用語「異種の」は、宿主細胞に導入されるポリヌクレオチド又はポリペプチドを記載するために、本明細書において使用される。この用語は、宿主細胞のものとは異なる生物、種、又は株にそれぞれ由来するポリヌクレオチド又はポリペプチドを包含する。このケースにおいて、異種ポリヌクレオチド又は異種ポリペプチドは、同一の宿主細胞で見られる任意の配列と異なる配列を有する。しかし、この用語はまた、宿主細胞で見られる配列と同一の配列を有するポリヌクレオチド又はポリペプチドであって、天然の配列と異なる環境で存在する(例えば、異種ポリヌクレオチドは、異なるプロモーターに連結していてよく、また、天然の配列のものとは異なるゲノム位置に挿入されてよい)ポリヌクレオチド又はポリペプチドも包含する。「異種発現」は、したがって、宿主細胞にとって非天然の配列の発現、及び、非天然の環境における、宿主細胞にとって天然の配列の発現を包含する。
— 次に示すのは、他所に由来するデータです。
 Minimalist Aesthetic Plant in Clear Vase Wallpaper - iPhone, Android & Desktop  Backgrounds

ポリヌクレオチド又はポリペプチドに関して使用される場合、用語「野生型」は、分子の由来源に関わらず、天然の生物に由来するポリヌクレオチド又はポリペプチド内に存在する、ヌクレオチド配列を有する任意のポリヌクレオチド又はアミノ酸配列を有する任意のポリペプチドを指す。すなわち、用語「野生型」は、分子が天然の由来源から精製されているか、組換えによって発現し、その後精製されているか、又は合成されているかに関わらず、配列の特徴を指す。用語「野生型」は、天然の細胞を指すためにも使用される。

「コントロール細胞」は、試験対象の改変された細胞に別のところでは同一であるが、例えば、改変された細胞と同一の属及び種に属するが、改変された細胞において試験される特定の遺伝子修飾を欠いている、細胞である。
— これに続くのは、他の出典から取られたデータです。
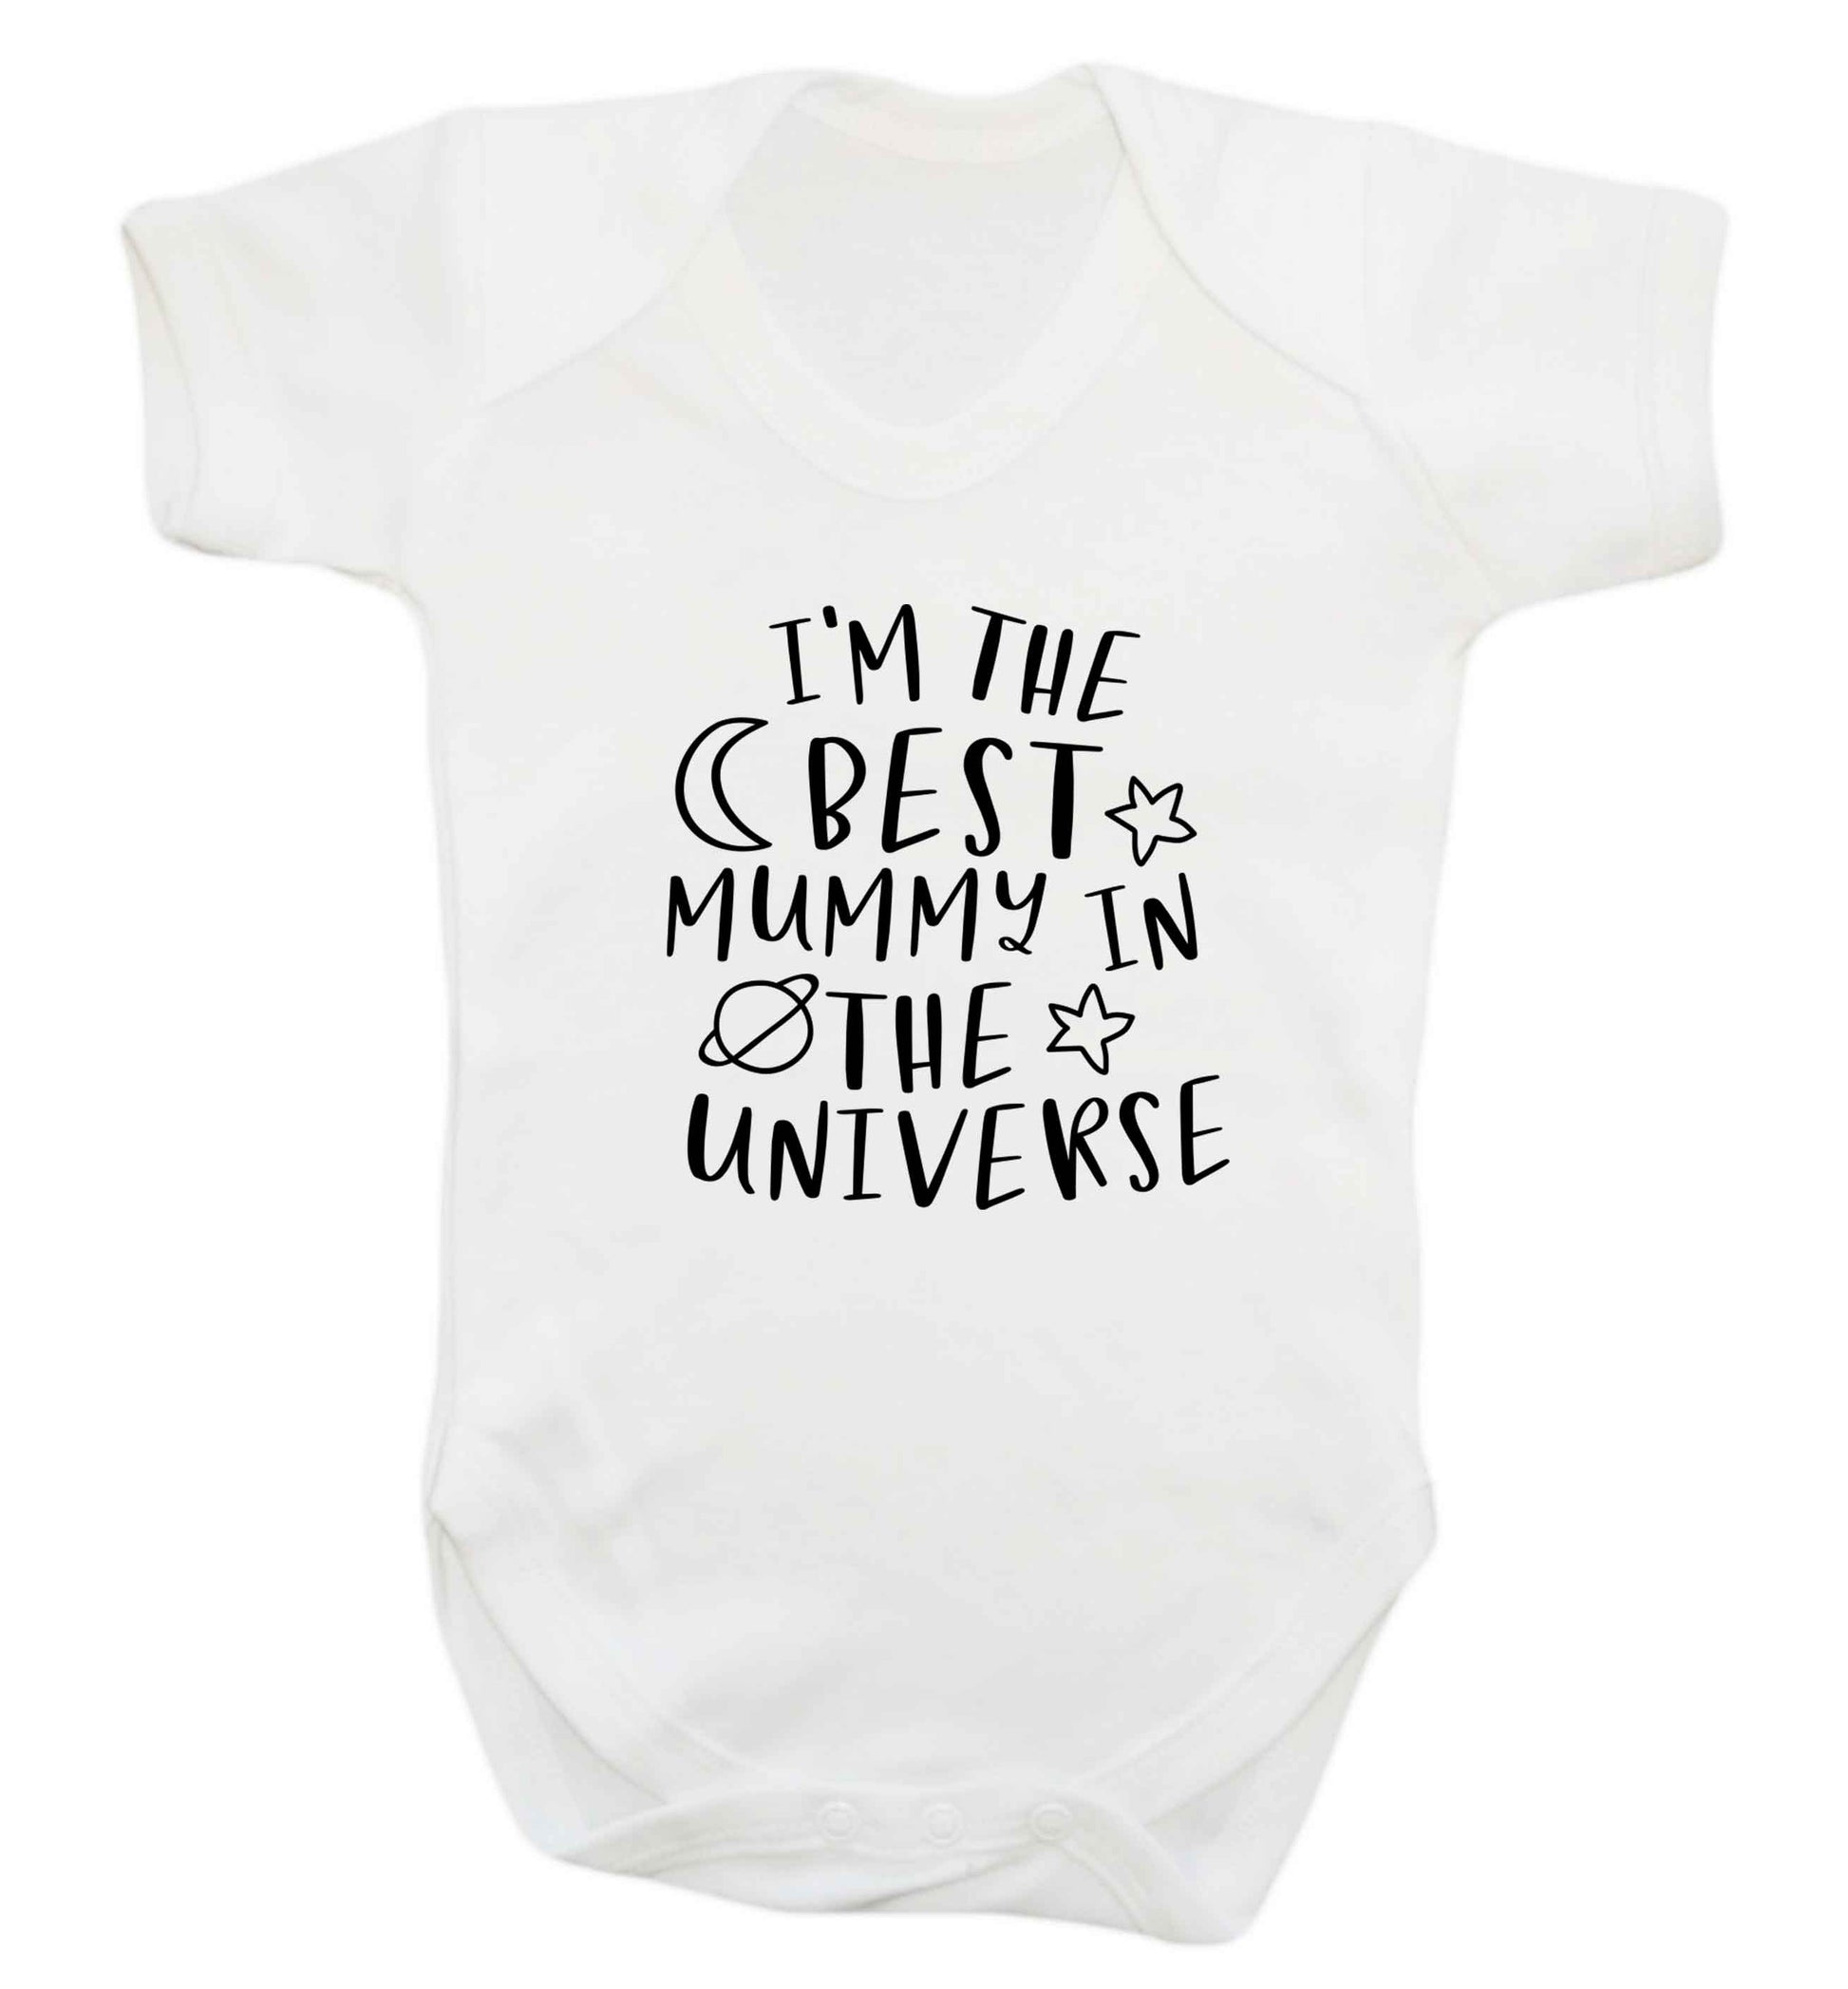 I'm the best mummy in the universe baby vest white 18-24 months

酵素は、本明細書において、それらが触媒する反応によって同定され、そして、別段の指示がない限り、同定される反応を触媒し得る任意のポリペプチドを指す。別段の指示がない限り、酵素は、任意の生物に由来し得、天然の又は突然変異したアミノ酸配列を有し得る。周知のように、酵素は、それが由来する元である由来源生物に時として応じて、複数の機能及び/又は複数の名称を有し得る。本明細書において使用される酵素名は、1つ又は複数の更なる機能又は異なる名称を有し得る酵素を含むオルソログを包含する。

用語「フィードバックが緩和された (feedback-deregulated)」は、特定の細胞における酵素経路の下流の生成物によって通常は負の調節をされる(すなわち、フィードバック阻害)酵素に関して、本明細書において使用される。この文脈において、「フィードバックが緩和された」酵素は、細胞に対して天然のネイティブ酵素よりもフィードバック阻害に対して感受性が低い酵素の形態である。フィードバックが緩和された酵素は、1つ又は複数の突然変異を天然の酵素に導入することによって生産することができる。或いは、フィードバックが緩和された酵素は、単純に、特定の微生物細胞に導入されると天然のネイティブ酵素ほどにはフィードバック阻害に対して感受性ではない、異種のネイティブ酵素であり得る。一部の実施形態において、フィードバックが緩和された酵素は、微生物細胞においてフィードバック阻害を示さない。

用語「ヒスタミン」は、2-(1I-イミダゾール-4-イル)エタンアミン(CAS# 51-45-6)を指す。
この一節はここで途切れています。